В те времена разумное покровительство короля значило для репутации больше, чем дюжина восторженных рецензий в главных газетах сегодня. Мы должны отдать должное Генриху IV за ту быстроту, с которой он понял, что холодная новая поэзия, которая, должно быть, звучала очень странно для его ушей, привыкших к лютне Депорта и трубе Дю Бартаса, была именно тем, что требовалось Франции. Он сам трудился над тем, чтобы вернуть в эту страну, раздираемую недавними политическими беспорядками, добродетели закона, логики и дисциплины. В этом суровом дворянине из Нормандии средних лет он распознал те же стремления, но направленные на единство и порядок в литературе. Недавний французский историк отметил, что «сама природа таланта Малерба, его высокомерный, торжественный и величественный тон делали его исключительно подходящим для того, чтобы стать официальным и, так сказать, безличным певцом великих подвигов короля и высечь на медных буквах, как на триумфальном памятнике, выражение общественной благодарности и восхищения». Малерб, как уже было сказано, был назначен «официальным поэтом династии Бурбонов».

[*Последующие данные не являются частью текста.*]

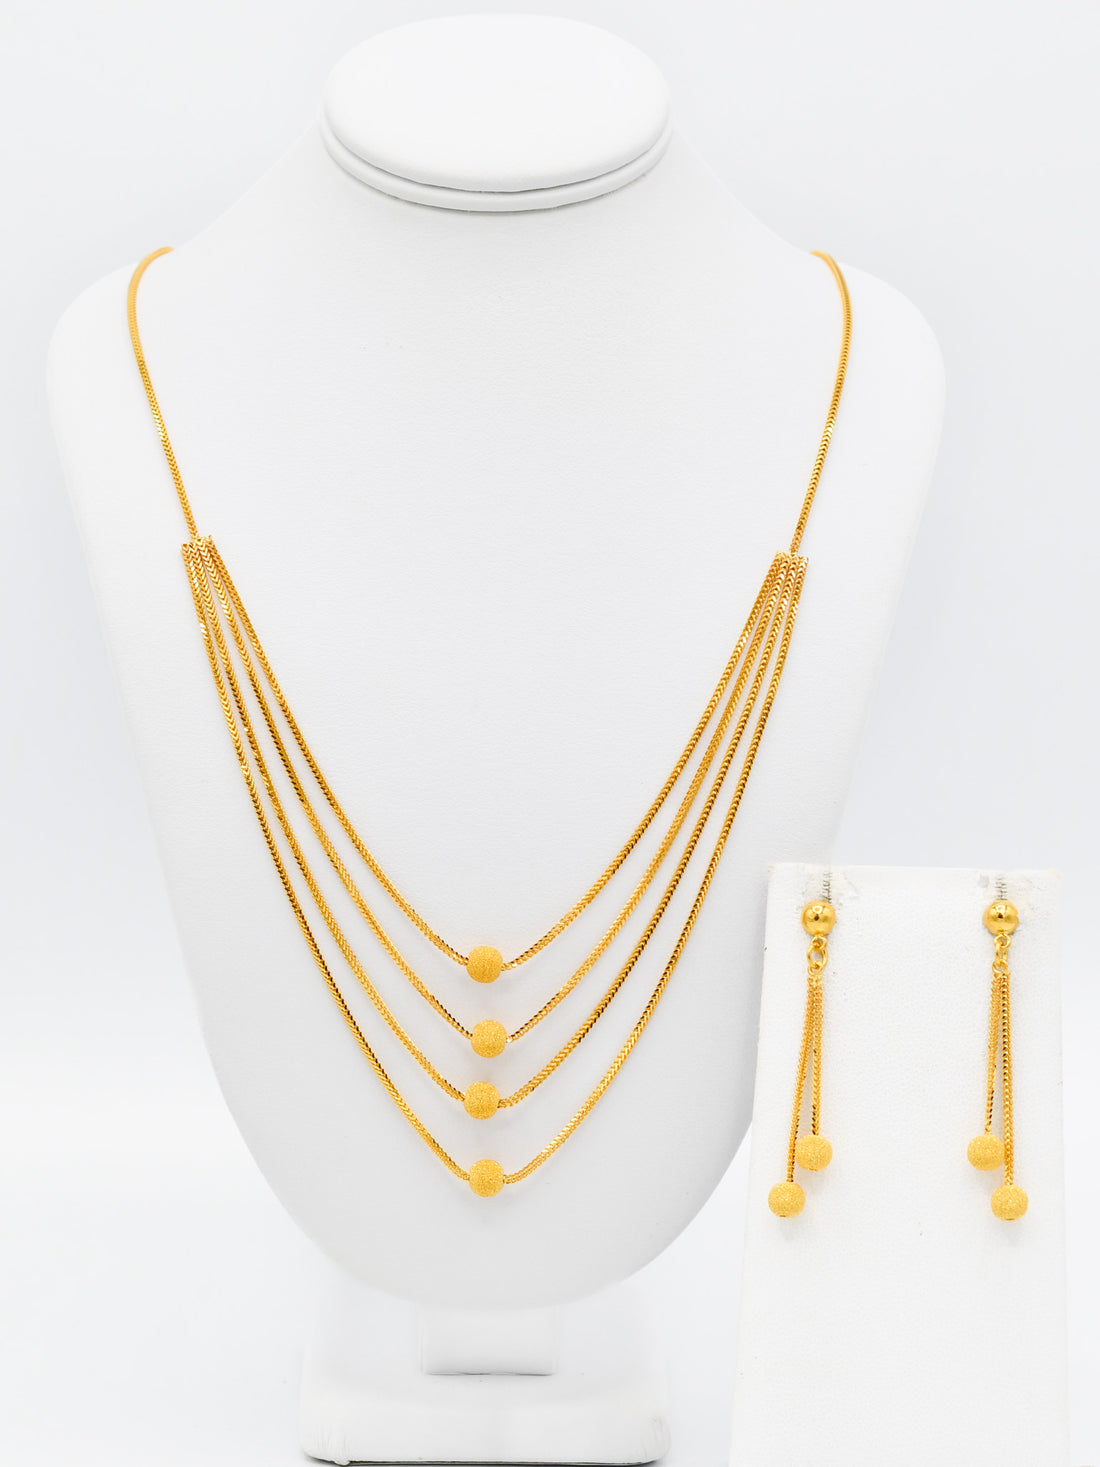 22ct Gold Ball 4 Row Necklace Set - Roop Darshan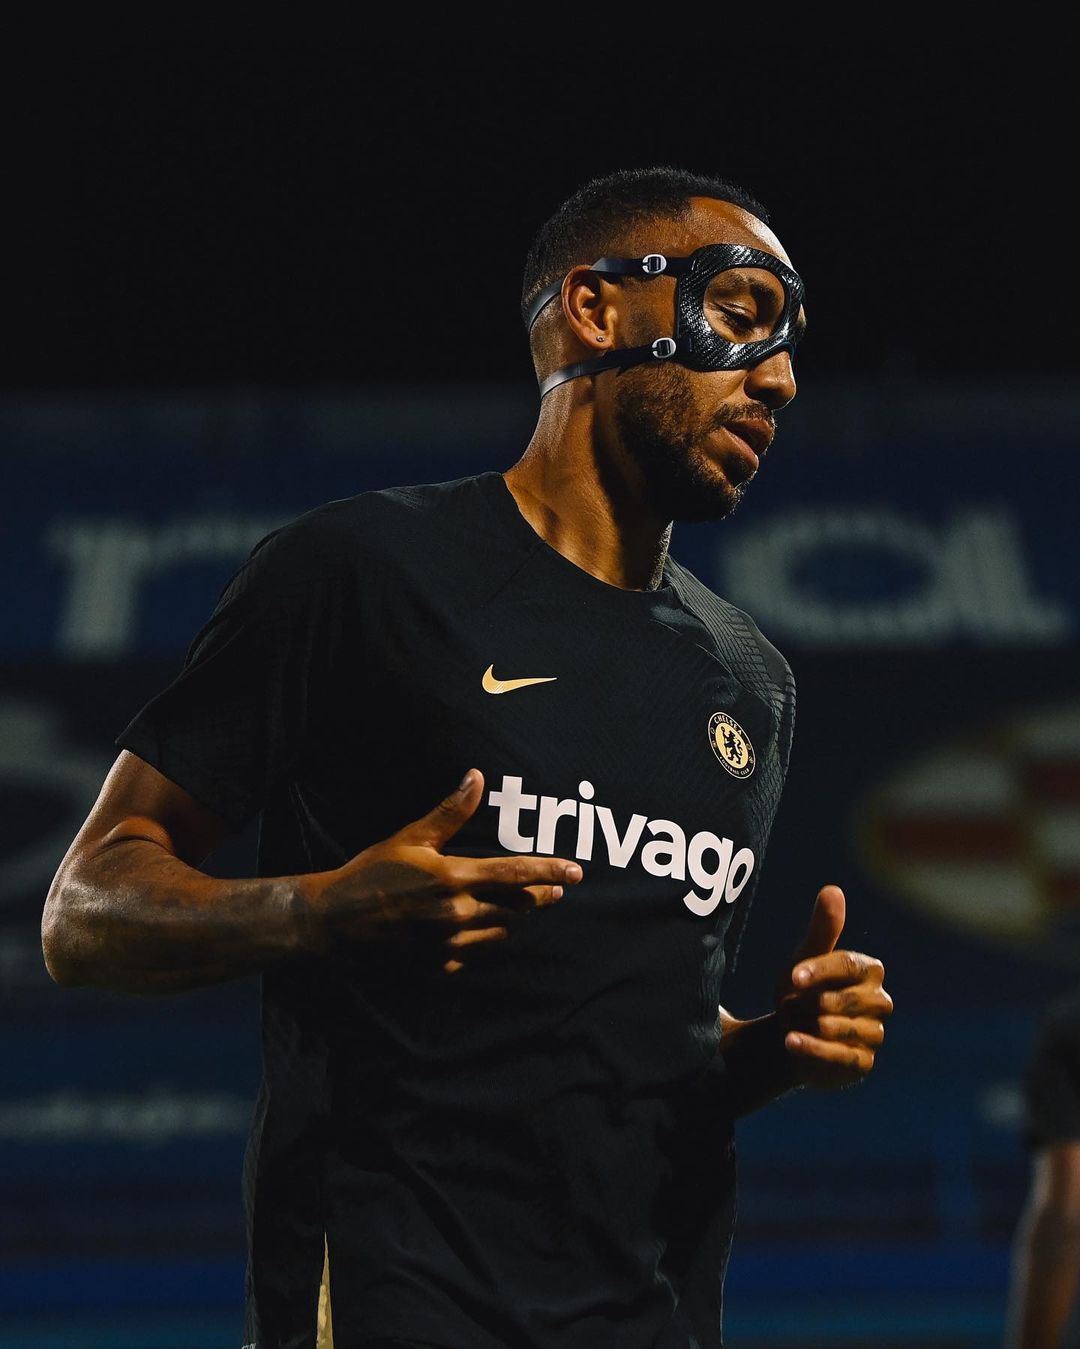 Aubameyang to make Chelsea debut with mask vs Dinamo Zagreb in Champions League

Драгоценная переписка с его провансальским другом Пейреском, которую Малерб вел с 1606 года до своей смерти в 1628 году, переписка, которая еще сто лет назад была неизвестна, проливает немало света на последние годы поэта и, в частности, на то расположение, которым он пользовался при дворе. Существует более 200 этих писем, которые, тем не менее, как и большинство подобных собраний той эпохи, умудряются скрывать от нас именно те факты, о которых мы больше всего хотим узнать. Так, в то время как Малерб пространно рассуждает перед Пейреском о королевах и принцах, он не говорит нам ничего, или почти ничего, о литературной жизни, в которой, как мы знаем, он был столь обескураживающей фигурой. Но самый очаровательный из сплетников, Тальман де Рео, сохранил для нас анекдот в высшей степени поучительного характера. Мы видели, что первенство во французской поэзии в течение многих лет удерживал Филипп Депорт, который теперь приближался к концу долгой жизни, полной блестящих успехов. Для последнего и самого великолепного из ронсаристов не могло быть безразличным, что выскочка, до сих пор никому не известный, внезапно был принят при дворе. Он пожелал, чтобы его племянник, Матюрен Ренье — сам человек гениальный, но не входящий в нашу сегодняшнюю картину, — пригласил этого господина де Малерба на обед. Они прибыли, но опоздали, и обед уже стоял на столе. Старый Депорт принял Малерба со всей мыслимой вежливостью и сказал, что хочет подарить ему экземпляр нового издания своих «Псалмов», в котором он сделал много исправлений и дополнений. Такой комплимент от признанного главы французской поэзии был чрезмерным, но Малерб уже решил обрушить репутацию Депорта, как Самсон разрушил врата Дагона в Газе. Депорт уже начал подниматься по лестнице, чтобы принести книгу, когда Малерб в грубой деревенской манере (rustiquement) сказал ему, что уже видел ее, что не стоит давать супу остыть, ибо он, вероятно, будет лучше, чем его «Псалмы». После этого они сразу сели обедать, но Малерб больше ничего не сказал, а когда обед закончился, он ушел, оставив хозяина убитым горем, а молодого Ренье — в ярости. Это должно было произойти очень скоро после прибытия Малерба в Париж, ибо Депорт умер в 1606 году.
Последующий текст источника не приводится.